Delta Tau Lambda () is a collegiate and professional Latina-based Greek-lettered sorority. It was founded on April 2, 1994  at the University of Michigan by Darilís García and Maria Victoria Ramos with a vision to empower women across the United States and create a network that provides opportunities. 

Women are eligible to join regardless of race, ethnicity, creed, sexual orientation, ability or national origin. The sorority has ten collegiate and six professional/alumni chapters in the United States.

Undergraduate, graduate and professional members engage in community service projects and fundraising for charitable causes; service endeavors encompass both national and local efforts.

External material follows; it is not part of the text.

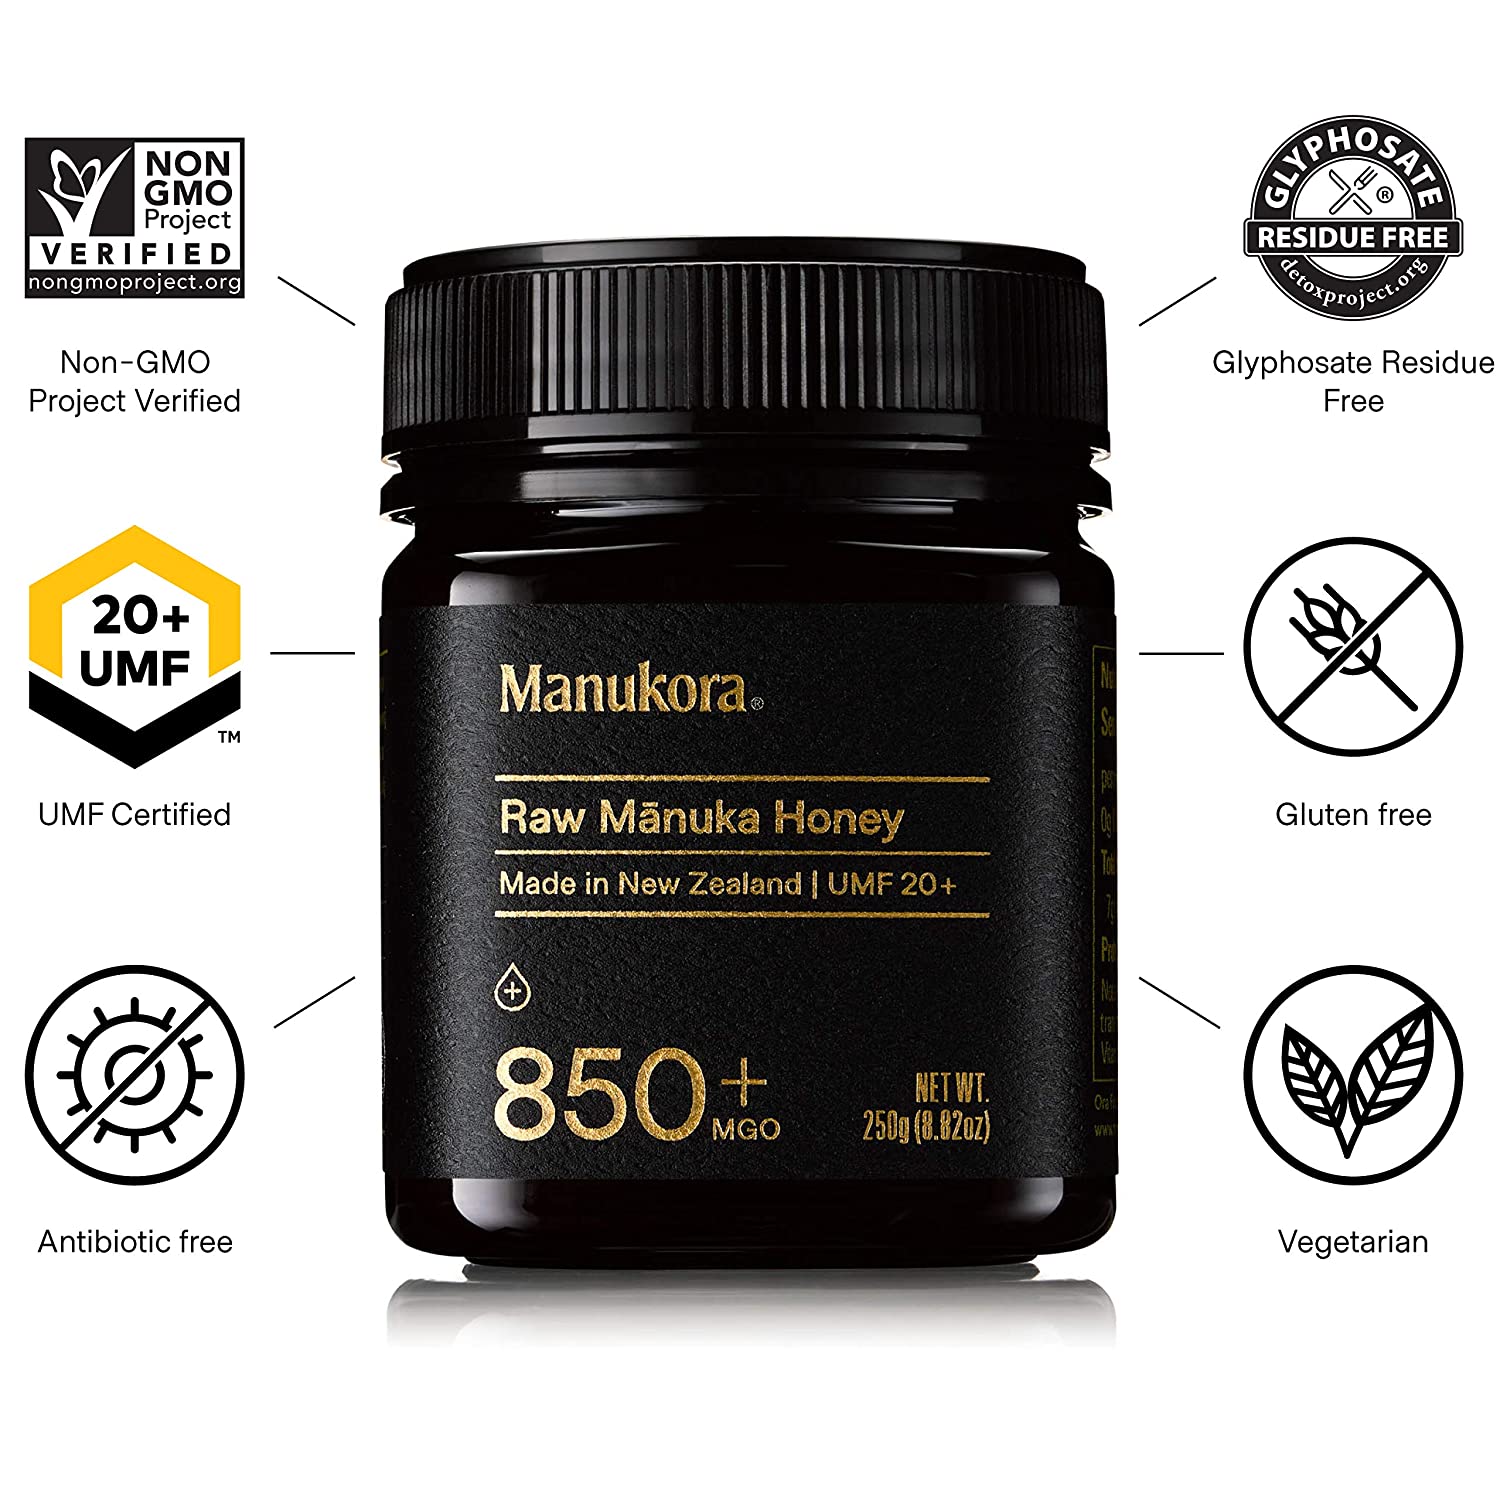 Manukora UMF 20+/MGO 850+ Raw Mānuka Honey (250g/8.8oz) Authentic Non-GMO New Zealand Honey, UMF & MGO Certified, Traceable from Hive to Hand

Community projects are said to include Thanksgiving baskets and child welfare, as well as national projects such as the American Diabetes Association walk and Race for the Cure. Many projects focus on the Latina/Latino community, including a scholarship fund.

History

Delta Tau Lambda was founded by Darilís García and Maria Victoria Ramos on April 2, 1994. It was the first Latina-based sorority in the Ann Arbor campus.

The founders, Darilís García and Maria Victoria Ramos focused their efforts on academic achievement, community service and professionalism, as well as supporting causes related to breast cancer, diabetes, HIV/AIDS and mental health. That fall they hosted the first Salute to Latinas, Fuerza de la Mujer Latina, which has become a staple event for the sorority. In March of 1995 the founders created the Lydia Cruz and Sandra Maria Ramos Scholarship, named after Darilís’ grandmother and Maria's older sister.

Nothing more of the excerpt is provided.